- _Prompt_
Reproduce the records exactly through the line with "Stolz, Daily Design Inspiration 8".

(Stored records)
━━━━━━━━━━━━━━━━

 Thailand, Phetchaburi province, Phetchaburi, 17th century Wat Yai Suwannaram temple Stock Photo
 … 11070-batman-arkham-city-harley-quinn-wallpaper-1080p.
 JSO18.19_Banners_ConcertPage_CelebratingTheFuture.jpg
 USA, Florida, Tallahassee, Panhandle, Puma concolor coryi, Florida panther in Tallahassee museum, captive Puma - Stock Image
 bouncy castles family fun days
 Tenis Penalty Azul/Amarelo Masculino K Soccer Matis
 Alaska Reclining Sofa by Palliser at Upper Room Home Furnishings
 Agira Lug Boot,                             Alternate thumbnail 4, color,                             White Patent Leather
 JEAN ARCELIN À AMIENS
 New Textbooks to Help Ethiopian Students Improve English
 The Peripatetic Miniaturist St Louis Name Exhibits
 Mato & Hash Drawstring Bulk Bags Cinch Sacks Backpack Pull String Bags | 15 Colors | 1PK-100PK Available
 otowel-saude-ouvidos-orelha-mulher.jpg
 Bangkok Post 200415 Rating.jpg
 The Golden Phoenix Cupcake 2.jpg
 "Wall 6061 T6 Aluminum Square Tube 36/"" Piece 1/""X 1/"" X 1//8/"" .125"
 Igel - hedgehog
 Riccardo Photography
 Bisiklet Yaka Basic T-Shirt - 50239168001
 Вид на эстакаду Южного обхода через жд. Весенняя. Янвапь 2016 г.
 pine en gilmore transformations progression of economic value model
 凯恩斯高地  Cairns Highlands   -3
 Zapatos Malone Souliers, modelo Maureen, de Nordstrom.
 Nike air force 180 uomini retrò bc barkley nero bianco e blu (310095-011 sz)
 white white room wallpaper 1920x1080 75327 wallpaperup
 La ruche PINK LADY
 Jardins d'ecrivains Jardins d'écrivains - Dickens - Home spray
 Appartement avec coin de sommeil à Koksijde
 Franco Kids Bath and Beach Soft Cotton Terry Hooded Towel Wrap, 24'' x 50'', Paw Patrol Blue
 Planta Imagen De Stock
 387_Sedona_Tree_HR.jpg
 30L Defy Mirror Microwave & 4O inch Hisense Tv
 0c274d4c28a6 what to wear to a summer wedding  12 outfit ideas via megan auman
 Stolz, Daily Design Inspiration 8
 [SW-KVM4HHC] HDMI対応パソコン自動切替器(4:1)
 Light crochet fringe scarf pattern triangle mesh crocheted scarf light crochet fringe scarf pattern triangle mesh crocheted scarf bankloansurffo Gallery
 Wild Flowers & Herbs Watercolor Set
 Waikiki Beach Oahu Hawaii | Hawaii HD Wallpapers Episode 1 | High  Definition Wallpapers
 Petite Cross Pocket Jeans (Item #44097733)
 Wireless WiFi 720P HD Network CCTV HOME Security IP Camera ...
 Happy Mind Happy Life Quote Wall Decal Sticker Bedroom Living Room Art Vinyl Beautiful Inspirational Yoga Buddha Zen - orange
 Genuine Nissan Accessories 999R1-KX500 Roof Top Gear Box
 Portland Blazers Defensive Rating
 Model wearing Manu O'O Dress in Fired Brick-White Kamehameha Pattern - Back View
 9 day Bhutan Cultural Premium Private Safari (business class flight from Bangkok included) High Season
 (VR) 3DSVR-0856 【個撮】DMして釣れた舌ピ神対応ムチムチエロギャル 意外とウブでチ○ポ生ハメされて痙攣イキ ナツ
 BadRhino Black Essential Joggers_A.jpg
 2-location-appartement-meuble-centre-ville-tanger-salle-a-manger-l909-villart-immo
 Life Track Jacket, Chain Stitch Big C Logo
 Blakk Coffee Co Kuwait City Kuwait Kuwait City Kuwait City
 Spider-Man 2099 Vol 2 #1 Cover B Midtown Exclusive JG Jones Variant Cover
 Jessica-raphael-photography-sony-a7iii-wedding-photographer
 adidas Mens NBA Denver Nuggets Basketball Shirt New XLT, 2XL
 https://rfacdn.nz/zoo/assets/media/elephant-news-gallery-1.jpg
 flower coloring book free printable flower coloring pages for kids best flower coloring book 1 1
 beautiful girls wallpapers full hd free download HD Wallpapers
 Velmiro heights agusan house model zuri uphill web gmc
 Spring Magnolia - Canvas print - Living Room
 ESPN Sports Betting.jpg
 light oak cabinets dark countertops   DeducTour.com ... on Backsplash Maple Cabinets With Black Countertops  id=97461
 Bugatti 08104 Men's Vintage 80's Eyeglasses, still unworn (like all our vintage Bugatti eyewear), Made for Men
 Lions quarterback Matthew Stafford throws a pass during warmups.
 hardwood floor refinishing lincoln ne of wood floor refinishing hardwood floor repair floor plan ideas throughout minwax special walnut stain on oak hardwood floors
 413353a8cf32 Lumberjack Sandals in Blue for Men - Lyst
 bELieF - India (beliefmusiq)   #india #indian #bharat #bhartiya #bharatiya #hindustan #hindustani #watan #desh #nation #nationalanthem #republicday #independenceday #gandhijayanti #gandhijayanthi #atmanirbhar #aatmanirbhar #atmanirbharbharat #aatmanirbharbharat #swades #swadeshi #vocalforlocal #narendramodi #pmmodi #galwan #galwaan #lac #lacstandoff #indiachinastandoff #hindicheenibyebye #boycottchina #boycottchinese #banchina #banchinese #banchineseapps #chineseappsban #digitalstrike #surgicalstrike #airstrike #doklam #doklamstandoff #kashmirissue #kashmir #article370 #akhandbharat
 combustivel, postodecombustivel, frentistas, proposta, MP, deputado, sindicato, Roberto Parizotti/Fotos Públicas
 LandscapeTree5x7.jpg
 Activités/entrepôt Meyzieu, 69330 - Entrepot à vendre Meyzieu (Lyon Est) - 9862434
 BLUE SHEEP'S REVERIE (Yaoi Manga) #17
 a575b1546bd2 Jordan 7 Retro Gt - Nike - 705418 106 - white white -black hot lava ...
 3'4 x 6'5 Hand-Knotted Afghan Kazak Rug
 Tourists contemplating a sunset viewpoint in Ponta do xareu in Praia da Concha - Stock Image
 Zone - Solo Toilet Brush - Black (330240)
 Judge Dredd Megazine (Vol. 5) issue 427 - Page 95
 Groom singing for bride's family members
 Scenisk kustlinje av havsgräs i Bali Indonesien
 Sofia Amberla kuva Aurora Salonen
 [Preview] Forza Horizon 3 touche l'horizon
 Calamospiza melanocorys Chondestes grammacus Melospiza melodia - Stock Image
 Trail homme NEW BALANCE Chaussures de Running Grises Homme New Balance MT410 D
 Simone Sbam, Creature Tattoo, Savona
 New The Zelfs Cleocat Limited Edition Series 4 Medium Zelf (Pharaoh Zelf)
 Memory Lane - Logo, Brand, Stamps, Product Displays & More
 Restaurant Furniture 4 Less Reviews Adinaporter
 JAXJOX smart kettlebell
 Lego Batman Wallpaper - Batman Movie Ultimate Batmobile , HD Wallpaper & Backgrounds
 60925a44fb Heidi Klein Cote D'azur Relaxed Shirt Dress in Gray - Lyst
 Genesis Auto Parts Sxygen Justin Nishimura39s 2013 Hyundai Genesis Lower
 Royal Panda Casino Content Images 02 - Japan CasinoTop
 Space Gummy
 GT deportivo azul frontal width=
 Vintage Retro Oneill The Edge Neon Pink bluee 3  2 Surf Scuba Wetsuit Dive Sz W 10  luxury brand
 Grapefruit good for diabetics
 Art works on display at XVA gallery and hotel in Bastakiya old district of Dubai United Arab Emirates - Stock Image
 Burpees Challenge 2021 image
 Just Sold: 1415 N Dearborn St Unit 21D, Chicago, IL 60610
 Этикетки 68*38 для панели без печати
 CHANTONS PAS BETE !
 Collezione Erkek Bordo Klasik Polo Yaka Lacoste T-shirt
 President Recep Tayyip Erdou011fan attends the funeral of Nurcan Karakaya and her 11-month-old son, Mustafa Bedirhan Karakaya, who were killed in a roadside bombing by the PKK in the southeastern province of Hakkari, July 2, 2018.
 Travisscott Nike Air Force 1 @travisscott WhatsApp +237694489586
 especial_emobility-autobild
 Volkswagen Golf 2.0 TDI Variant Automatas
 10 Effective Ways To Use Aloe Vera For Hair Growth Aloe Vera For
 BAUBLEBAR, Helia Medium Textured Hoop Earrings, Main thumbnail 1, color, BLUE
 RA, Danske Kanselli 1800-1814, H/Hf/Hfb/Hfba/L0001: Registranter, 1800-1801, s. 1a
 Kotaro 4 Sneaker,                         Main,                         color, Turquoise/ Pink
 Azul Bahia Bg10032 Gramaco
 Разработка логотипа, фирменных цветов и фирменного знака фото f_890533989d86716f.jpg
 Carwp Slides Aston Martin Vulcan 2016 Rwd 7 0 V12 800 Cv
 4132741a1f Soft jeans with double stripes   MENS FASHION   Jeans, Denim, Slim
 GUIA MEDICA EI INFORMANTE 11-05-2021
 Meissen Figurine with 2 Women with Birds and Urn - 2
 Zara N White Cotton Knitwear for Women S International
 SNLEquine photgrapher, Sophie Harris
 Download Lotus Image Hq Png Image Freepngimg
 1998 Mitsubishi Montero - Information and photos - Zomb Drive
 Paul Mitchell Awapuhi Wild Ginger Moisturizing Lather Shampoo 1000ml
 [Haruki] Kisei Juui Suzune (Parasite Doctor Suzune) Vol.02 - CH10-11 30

━━━━━━━━━━━━━━━━

- _Response to the task_
 Thailand, Phetchaburi province, Phetchaburi, 17th century Wat Yai Suwannaram temple Stock Photo
 … 11070-batman-arkham-city-harley-quinn-wallpaper-1080p.
 JSO18.19_Banners_ConcertPage_CelebratingTheFuture.jpg
 USA, Florida, Tallahassee, Panhandle, Puma concolor coryi, Florida panther in Tallahassee museum, captive Puma - Stock Image
 bouncy castles family fun days
 Tenis Penalty Azul/Amarelo Masculino K Soccer Matis
 Alaska Reclining Sofa by Palliser at Upper Room Home Furnishings
 Agira Lug Boot,                             Alternate thumbnail 4, color,                             White Patent Leather
 JEAN ARCELIN À AMIENS
 New Textbooks to Help Ethiopian Students Improve English
 The Peripatetic Miniaturist St Louis Name Exhibits
 Mato & Hash Drawstring Bulk Bags Cinch Sacks Backpack Pull String Bags | 15 Colors | 1PK-100PK Available
 otowel-saude-ouvidos-orelha-mulher.jpg
 Bangkok Post 200415 Rating.jpg
 The Golden Phoenix Cupcake 2.jpg
 "Wall 6061 T6 Aluminum Square Tube 36/"" Piece 1/""X 1/"" X 1//8/"" .125"
 Igel - hedgehog
 Riccardo Photography
 Bisiklet Yaka Basic T-Shirt - 50239168001
 Вид на эстакаду Южного обхода через жд. Весенняя. Янвапь 2016 г.
 pine en gilmore transformations progression of economic value model
 凯恩斯高地  Cairns Highlands   -3
 Zapatos Malone Souliers, modelo Maureen, de Nordstrom.
 Nike air force 180 uomini retrò bc barkley nero bianco e blu (310095-011 sz)
 white white room wallpaper 1920x1080 75327 wallpaperup
 La ruche PINK LADY
 Jardins d'ecrivains Jardins d'écrivains - Dickens - Home spray
 Appartement avec coin de sommeil à Koksijde
 Franco Kids Bath and Beach Soft Cotton Terry Hooded Towel Wrap, 24'' x 50'', Paw Patrol Blue
 Planta Imagen De Stock
 387_Sedona_Tree_HR.jpg
 30L Defy Mirror Microwave & 4O inch Hisense Tv
 0c274d4c28a6 what to wear to a summer wedding  12 outfit ideas via megan auman
 Stolz, Daily Design Inspiration 8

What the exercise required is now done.